Start of Block

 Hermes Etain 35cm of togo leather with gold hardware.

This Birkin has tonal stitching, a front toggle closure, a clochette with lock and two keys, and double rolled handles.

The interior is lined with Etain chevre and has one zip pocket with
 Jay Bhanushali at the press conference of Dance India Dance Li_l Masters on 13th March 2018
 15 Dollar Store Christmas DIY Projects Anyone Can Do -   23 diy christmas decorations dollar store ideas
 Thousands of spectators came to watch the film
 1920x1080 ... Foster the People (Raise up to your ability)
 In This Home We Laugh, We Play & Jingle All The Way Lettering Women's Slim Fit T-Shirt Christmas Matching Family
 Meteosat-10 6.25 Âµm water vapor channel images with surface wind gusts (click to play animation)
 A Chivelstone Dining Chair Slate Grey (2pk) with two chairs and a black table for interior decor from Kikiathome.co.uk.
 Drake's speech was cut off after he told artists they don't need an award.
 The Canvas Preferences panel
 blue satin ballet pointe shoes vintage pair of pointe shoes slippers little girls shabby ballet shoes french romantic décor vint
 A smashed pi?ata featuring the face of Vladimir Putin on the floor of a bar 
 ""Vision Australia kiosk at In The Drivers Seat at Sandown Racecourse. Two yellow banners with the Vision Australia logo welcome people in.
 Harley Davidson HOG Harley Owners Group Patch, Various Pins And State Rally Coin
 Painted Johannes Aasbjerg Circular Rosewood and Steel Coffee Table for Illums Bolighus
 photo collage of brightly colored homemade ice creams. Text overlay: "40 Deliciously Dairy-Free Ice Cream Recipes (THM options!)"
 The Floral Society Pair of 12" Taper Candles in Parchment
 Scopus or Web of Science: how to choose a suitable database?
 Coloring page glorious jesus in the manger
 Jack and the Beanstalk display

End of Block

PROBLEM: Produce an exact copy of the whole listing.

SOLUTION FOR THIS EXERCISE:
 Hermes Etain 35cm of togo leather with gold hardware.

This Birkin has tonal stitching, a front toggle closure, a clochette with lock and two keys, and double rolled handles.

The interior is lined with Etain chevre and has one zip pocket with
 Jay Bhanushali at the press conference of Dance India Dance Li_l Masters on 13th March 2018
 15 Dollar Store Christmas DIY Projects Anyone Can Do -   23 diy christmas decorations dollar store ideas
 Thousands of spectators came to watch the film
 1920x1080 ... Foster the People (Raise up to your ability)
 In This Home We Laugh, We Play & Jingle All The Way Lettering Women's Slim Fit T-Shirt Christmas Matching Family
 Meteosat-10 6.25 Âµm water vapor channel images with surface wind gusts (click to play animation)
 A Chivelstone Dining Chair Slate Grey (2pk) with two chairs and a black table for interior decor from Kikiathome.co.uk.
 Drake's speech was cut off after he told artists they don't need an award.
 The Canvas Preferences panel
 blue satin ballet pointe shoes vintage pair of pointe shoes slippers little girls shabby ballet shoes french romantic décor vint
 A smashed pi?ata featuring the face of Vladimir Putin on the floor of a bar 
 ""Vision Australia kiosk at In The Drivers Seat at Sandown Racecourse. Two yellow banners with the Vision Australia logo welcome people in.
 Harley Davidson HOG Harley Owners Group Patch, Various Pins And State Rally Coin
 Painted Johannes Aasbjerg Circular Rosewood and Steel Coffee Table for Illums Bolighus
 photo collage of brightly colored homemade ice creams. Text overlay: "40 Deliciously Dairy-Free Ice Cream Recipes (THM options!)"
 The Floral Society Pair of 12" Taper Candles in Parchment
 Scopus or Web of Science: how to choose a suitable database?
 Coloring page glorious jesus in the manger
 Jack and the Beanstalk display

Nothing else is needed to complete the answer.